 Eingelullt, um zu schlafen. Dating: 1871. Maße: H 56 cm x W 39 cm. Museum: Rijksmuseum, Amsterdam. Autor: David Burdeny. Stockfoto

======

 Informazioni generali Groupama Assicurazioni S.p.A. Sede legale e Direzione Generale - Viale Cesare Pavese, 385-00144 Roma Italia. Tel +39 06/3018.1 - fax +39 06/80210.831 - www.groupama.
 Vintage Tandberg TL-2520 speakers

======

● What is required
Every line above from the line with "Informazioni generali Groupama" to the line with "Vintage Tandberg TL-2520 speakers", both included, must be reproduced exactly, and no other line may appear.

● Task response
 Informazioni generali Groupama Assicurazioni S.p.A. Sede legale e Direzione Generale - Viale Cesare Pavese, 385-00144 Roma Italia. Tel +39 06/3018.1 - fax +39 06/80210.831 - www.groupama.
 Vintage Tandberg TL-2520 speakers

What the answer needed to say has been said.